The calculator finds the smallest \(n\) such that the exact power is ≥ 0.80 with R = 1.5, and returns approximately n = 54 observations. With that sample, if the true variance is \((1.5 \times 2)^2 = 9\) μm² (instead of the nominal 4 μm²), the test will detect the change 80% of the time.

Sensitivity analysis: with R = 2 (quadruple variance), the sample shrinks to n ≈ 18. To detect R = 1.25 (a 25% increase) with the same power requires n ≈ 184. Variance tests need considerably larger samples than mean tests for the same relative effect size.

Model assumptions

  • Simple random sampling with independent observations.
  • The variable follows a normal distribution: the \(\chi^2\) test on the variance is very sensitive to deviations from normality.
  • \(\sigma_0\) is the reference value of the standard deviation under \(H_0\).
  • The calculation uses the exact chi-square distribution with \(n-1\) degrees of freedom.
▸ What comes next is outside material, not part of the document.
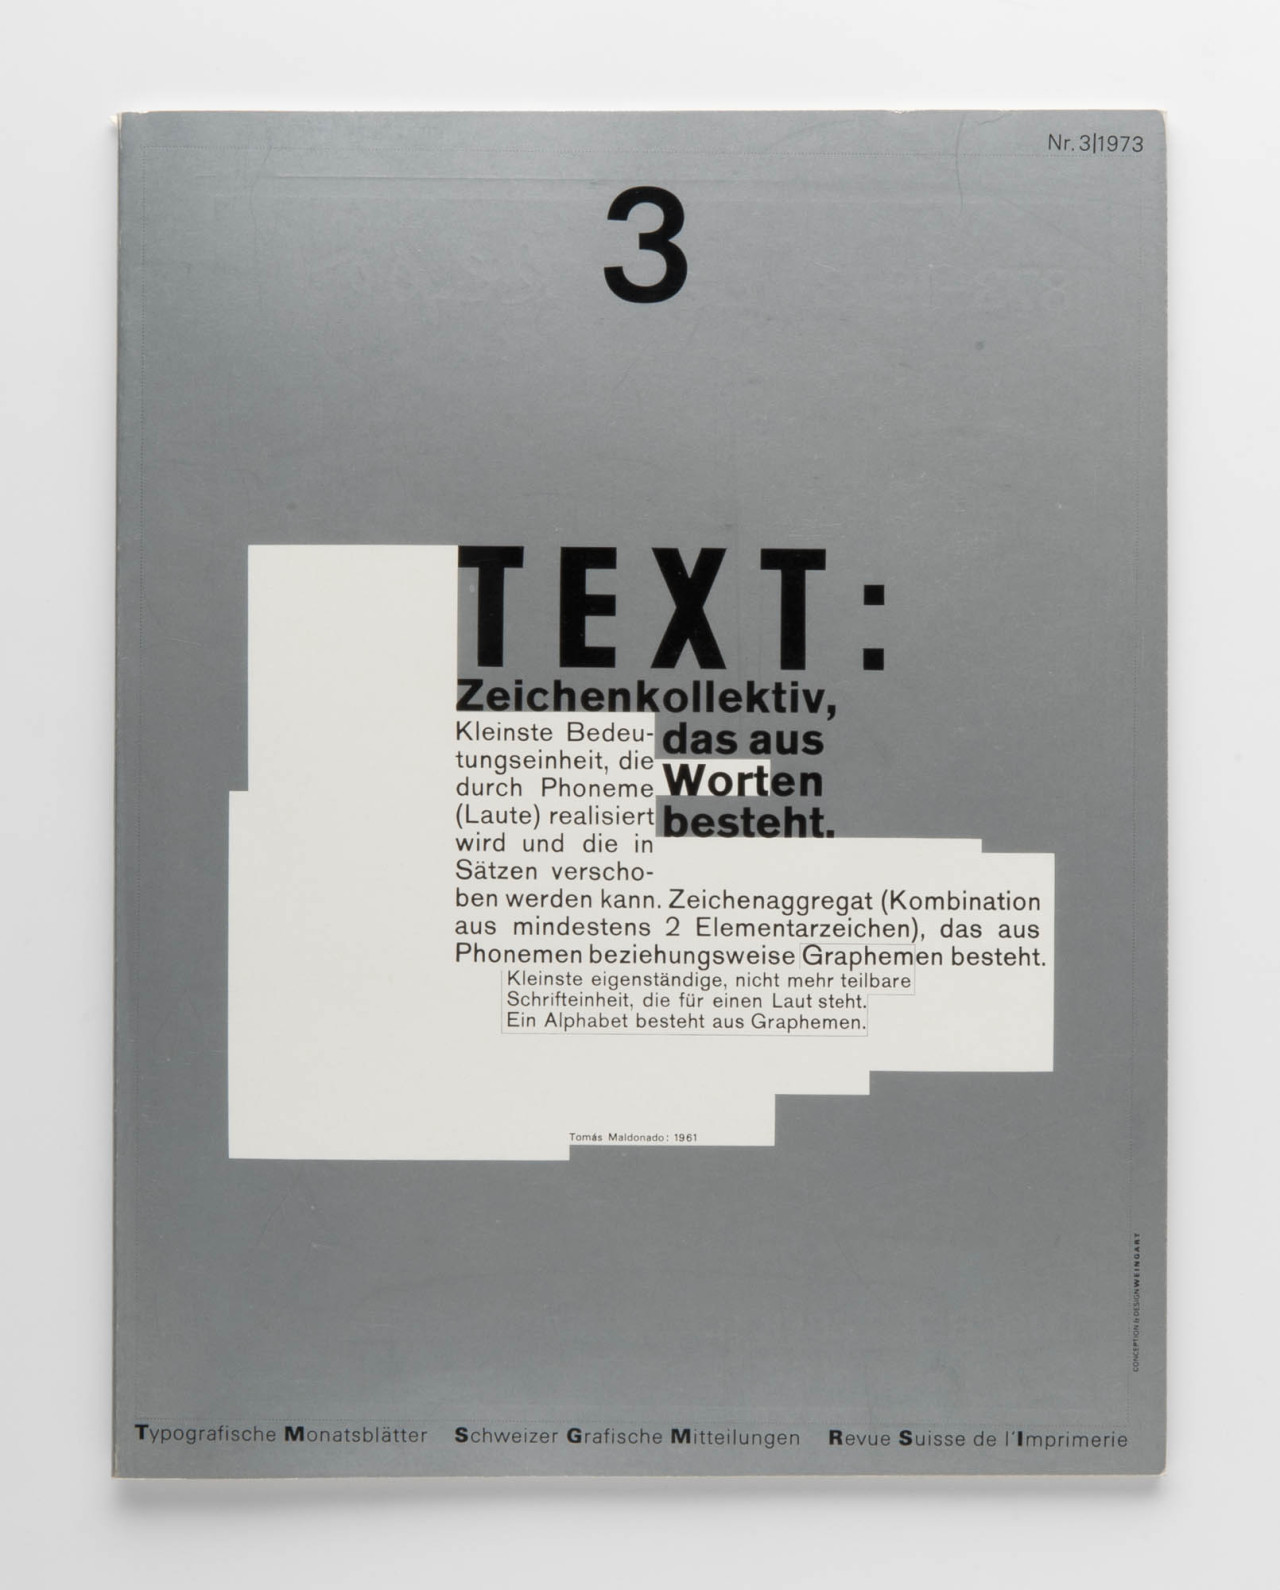 Wolfgang Weingart: Cover design for Typografische Monatsblätter Schweizer Grafische Mitteilungen Revue suisse de l’Imprimerie Nr. 3, 1973

How to interpret the result

The value \(n\) obtained is the minimum number of observations needed for the hypothesis test on the variance to reach the specified power. With that sample size, if the true deviation of the variance from \(\sigma_0^2\) is at least the one indicated by the ratio \(R = \sigma_1/\sigma_0\), the test will detect it with the desired probability. Always round up. If you expect losses of observations, divide \(n\) by \((1 - \text{dropout rate})\) to get the recruitment size needed.

The power of the variance test depends on the relative deviation \(R\) in a nonlinear way: detecting small variations (for example \(R = 1.2\)) requires very large samples, while large variations (\(R = 2\) or more) are detected with few observations. Run a sensitivity analysis varying \(R\) by ±0.1 or ±0.2 to assess the robustness of the sample size to uncertainty about the true magnitude of the effect.

A critical assumption is normality of the data: the chi-square statistic for the variance is notably more sensitive to deviations from normality than the \(t\) statistic for the mean. If the data are skewed or heavy-tailed, the nominal \(\alpha\) level may not hold. Before using this result, check normality with the sample size calculator for Shapiro-Wilk or draw a Q-Q plot. Once the data are collected, run the test with the hypothesis test calculator for variances.

References

  • Zar, J. H. (2010). Biostatistical Analysis (5th ed.). Pearson.
  • Montgomery, D. C. (2019). Introduction to Statistical Quality Control (8th ed.). Wiley.